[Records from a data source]

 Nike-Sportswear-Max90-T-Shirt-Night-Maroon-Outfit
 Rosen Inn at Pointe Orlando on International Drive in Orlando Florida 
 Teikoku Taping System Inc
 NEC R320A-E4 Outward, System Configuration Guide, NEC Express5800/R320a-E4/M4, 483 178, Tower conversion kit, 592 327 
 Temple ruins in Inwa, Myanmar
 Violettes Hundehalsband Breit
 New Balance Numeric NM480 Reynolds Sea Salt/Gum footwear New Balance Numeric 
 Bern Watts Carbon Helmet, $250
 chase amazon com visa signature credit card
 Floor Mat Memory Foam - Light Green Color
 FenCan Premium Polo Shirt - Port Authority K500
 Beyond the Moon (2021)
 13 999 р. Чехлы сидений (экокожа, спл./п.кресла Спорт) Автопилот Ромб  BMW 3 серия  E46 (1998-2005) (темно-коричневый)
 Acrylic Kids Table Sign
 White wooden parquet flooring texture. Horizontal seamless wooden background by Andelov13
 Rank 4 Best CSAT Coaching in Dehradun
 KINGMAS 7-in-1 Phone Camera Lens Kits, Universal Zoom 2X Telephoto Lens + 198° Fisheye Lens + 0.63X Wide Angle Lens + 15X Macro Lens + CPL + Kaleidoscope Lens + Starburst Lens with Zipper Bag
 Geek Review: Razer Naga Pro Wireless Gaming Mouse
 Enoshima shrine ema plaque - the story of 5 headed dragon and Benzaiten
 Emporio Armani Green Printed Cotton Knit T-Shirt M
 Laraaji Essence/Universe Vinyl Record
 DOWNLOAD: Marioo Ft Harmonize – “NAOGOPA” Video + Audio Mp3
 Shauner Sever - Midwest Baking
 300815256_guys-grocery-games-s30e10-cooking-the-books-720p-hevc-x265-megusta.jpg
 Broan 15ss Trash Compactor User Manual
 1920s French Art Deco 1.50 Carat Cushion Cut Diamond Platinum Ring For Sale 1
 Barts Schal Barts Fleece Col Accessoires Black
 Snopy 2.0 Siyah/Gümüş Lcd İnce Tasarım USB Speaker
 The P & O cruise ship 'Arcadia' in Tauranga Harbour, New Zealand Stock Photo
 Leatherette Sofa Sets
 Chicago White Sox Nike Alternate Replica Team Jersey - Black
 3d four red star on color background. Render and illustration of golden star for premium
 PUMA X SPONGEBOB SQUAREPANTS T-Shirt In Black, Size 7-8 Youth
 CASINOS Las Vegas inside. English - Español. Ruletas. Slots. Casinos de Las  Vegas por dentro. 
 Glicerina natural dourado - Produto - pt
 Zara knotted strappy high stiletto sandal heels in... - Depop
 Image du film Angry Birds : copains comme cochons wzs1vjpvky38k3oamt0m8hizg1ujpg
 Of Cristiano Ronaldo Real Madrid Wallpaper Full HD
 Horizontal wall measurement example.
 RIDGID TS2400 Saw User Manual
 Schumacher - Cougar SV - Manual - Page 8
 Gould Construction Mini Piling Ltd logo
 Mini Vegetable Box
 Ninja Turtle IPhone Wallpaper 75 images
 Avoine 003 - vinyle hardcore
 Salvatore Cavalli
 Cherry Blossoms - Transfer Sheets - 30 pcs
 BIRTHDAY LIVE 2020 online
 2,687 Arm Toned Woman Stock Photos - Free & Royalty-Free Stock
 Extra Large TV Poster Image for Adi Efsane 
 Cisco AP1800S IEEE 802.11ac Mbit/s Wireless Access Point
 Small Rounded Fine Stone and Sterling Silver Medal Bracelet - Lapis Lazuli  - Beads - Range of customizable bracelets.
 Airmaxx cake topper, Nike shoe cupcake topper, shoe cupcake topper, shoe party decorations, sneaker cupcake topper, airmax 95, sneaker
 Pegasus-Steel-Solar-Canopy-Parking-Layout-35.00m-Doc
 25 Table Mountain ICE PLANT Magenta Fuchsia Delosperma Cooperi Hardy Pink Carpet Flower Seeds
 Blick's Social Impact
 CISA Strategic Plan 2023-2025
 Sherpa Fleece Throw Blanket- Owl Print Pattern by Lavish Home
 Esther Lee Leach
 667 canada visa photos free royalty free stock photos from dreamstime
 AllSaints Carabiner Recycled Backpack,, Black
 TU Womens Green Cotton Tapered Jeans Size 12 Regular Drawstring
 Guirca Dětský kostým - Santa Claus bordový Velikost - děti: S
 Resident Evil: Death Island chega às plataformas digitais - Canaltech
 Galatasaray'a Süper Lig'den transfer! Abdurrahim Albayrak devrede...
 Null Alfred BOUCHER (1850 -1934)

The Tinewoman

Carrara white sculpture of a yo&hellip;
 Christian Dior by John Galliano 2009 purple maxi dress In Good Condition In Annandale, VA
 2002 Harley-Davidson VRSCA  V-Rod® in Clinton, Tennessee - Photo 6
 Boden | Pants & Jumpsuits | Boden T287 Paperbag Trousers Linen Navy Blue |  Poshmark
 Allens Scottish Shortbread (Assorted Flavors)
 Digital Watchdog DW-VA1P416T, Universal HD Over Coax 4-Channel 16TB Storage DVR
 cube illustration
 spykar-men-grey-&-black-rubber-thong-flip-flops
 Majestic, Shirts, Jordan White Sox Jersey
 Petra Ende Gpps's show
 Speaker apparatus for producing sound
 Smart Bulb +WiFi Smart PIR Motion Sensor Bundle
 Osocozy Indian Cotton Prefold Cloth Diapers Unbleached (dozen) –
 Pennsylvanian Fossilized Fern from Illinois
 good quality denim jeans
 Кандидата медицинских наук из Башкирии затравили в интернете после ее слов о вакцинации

§ **BRIEF**
Word for word, copy out the data.

§ **REPLY**
 Nike-Sportswear-Max90-T-Shirt-Night-Maroon-Outfit
 Rosen Inn at Pointe Orlando on International Drive in Orlando Florida 
 Teikoku Taping System Inc
 NEC R320A-E4 Outward, System Configuration Guide, NEC Express5800/R320a-E4/M4, 483 178, Tower conversion kit, 592 327 
 Temple ruins in Inwa, Myanmar
 Violettes Hundehalsband Breit
 New Balance Numeric NM480 Reynolds Sea Salt/Gum footwear New Balance Numeric 
 Bern Watts Carbon Helmet, $250
 chase amazon com visa signature credit card
 Floor Mat Memory Foam - Light Green Color
 FenCan Premium Polo Shirt - Port Authority K500
 Beyond the Moon (2021)
 13 999 р. Чехлы сидений (экокожа, спл./п.кресла Спорт) Автопилот Ромб  BMW 3 серия  E46 (1998-2005) (темно-коричневый)
 Acrylic Kids Table Sign
 White wooden parquet flooring texture. Horizontal seamless wooden background by Andelov13
 Rank 4 Best CSAT Coaching in Dehradun
 KINGMAS 7-in-1 Phone Camera Lens Kits, Universal Zoom 2X Telephoto Lens + 198° Fisheye Lens + 0.63X Wide Angle Lens + 15X Macro Lens + CPL + Kaleidoscope Lens + Starburst Lens with Zipper Bag
 Geek Review: Razer Naga Pro Wireless Gaming Mouse
 Enoshima shrine ema plaque - the story of 5 headed dragon and Benzaiten
 Emporio Armani Green Printed Cotton Knit T-Shirt M
 Laraaji Essence/Universe Vinyl Record
 DOWNLOAD: Marioo Ft Harmonize – “NAOGOPA” Video + Audio Mp3
 Shauner Sever - Midwest Baking
 300815256_guys-grocery-games-s30e10-cooking-the-books-720p-hevc-x265-megusta.jpg
 Broan 15ss Trash Compactor User Manual
 1920s French Art Deco 1.50 Carat Cushion Cut Diamond Platinum Ring For Sale 1
 Barts Schal Barts Fleece Col Accessoires Black
 Snopy 2.0 Siyah/Gümüş Lcd İnce Tasarım USB Speaker
 The P & O cruise ship 'Arcadia' in Tauranga Harbour, New Zealand Stock Photo
 Leatherette Sofa Sets
 Chicago White Sox Nike Alternate Replica Team Jersey - Black
 3d four red star on color background. Render and illustration of golden star for premium
 PUMA X SPONGEBOB SQUAREPANTS T-Shirt In Black, Size 7-8 Youth
 CASINOS Las Vegas inside. English - Español. Ruletas. Slots. Casinos de Las  Vegas por dentro. 
 Glicerina natural dourado - Produto - pt
 Zara knotted strappy high stiletto sandal heels in... - Depop
 Image du film Angry Birds : copains comme cochons wzs1vjpvky38k3oamt0m8hizg1ujpg
 Of Cristiano Ronaldo Real Madrid Wallpaper Full HD
 Horizontal wall measurement example.
 RIDGID TS2400 Saw User Manual
 Schumacher - Cougar SV - Manual - Page 8
 Gould Construction Mini Piling Ltd logo
 Mini Vegetable Box
 Ninja Turtle IPhone Wallpaper 75 images
 Avoine 003 - vinyle hardcore
 Salvatore Cavalli
 Cherry Blossoms - Transfer Sheets - 30 pcs
 BIRTHDAY LIVE 2020 online
 2,687 Arm Toned Woman Stock Photos - Free & Royalty-Free Stock
 Extra Large TV Poster Image for Adi Efsane 
 Cisco AP1800S IEEE 802.11ac Mbit/s Wireless Access Point
 Small Rounded Fine Stone and Sterling Silver Medal Bracelet - Lapis Lazuli  - Beads - Range of customizable bracelets.
 Airmaxx cake topper, Nike shoe cupcake topper, shoe cupcake topper, shoe party decorations, sneaker cupcake topper, airmax 95, sneaker
 Pegasus-Steel-Solar-Canopy-Parking-Layout-35.00m-Doc
 25 Table Mountain ICE PLANT Magenta Fuchsia Delosperma Cooperi Hardy Pink Carpet Flower Seeds
 Blick's Social Impact
 CISA Strategic Plan 2023-2025
 Sherpa Fleece Throw Blanket- Owl Print Pattern by Lavish Home
 Esther Lee Leach
 667 canada visa photos free royalty free stock photos from dreamstime
 AllSaints Carabiner Recycled Backpack,, Black
 TU Womens Green Cotton Tapered Jeans Size 12 Regular Drawstring
 Guirca Dětský kostým - Santa Claus bordový Velikost - děti: S
 Resident Evil: Death Island chega às plataformas digitais - Canaltech
 Galatasaray'a Süper Lig'den transfer! Abdurrahim Albayrak devrede...
 Null Alfred BOUCHER (1850 -1934)

The Tinewoman

Carrara white sculpture of a yo&hellip;
 Christian Dior by John Galliano 2009 purple maxi dress In Good Condition In Annandale, VA
 2002 Harley-Davidson VRSCA  V-Rod® in Clinton, Tennessee - Photo 6
 Boden | Pants & Jumpsuits | Boden T287 Paperbag Trousers Linen Navy Blue |  Poshmark
 Allens Scottish Shortbread (Assorted Flavors)
 Digital Watchdog DW-VA1P416T, Universal HD Over Coax 4-Channel 16TB Storage DVR
 cube illustration
 spykar-men-grey-&-black-rubber-thong-flip-flops
 Majestic, Shirts, Jordan White Sox Jersey
 Petra Ende Gpps's show
 Speaker apparatus for producing sound
 Smart Bulb +WiFi Smart PIR Motion Sensor Bundle
 Osocozy Indian Cotton Prefold Cloth Diapers Unbleached (dozen) –
 Pennsylvanian Fossilized Fern from Illinois
 good quality denim jeans
 Кандидата медицинских наук из Башкирии затравили в интернете после ее слов о вакцинации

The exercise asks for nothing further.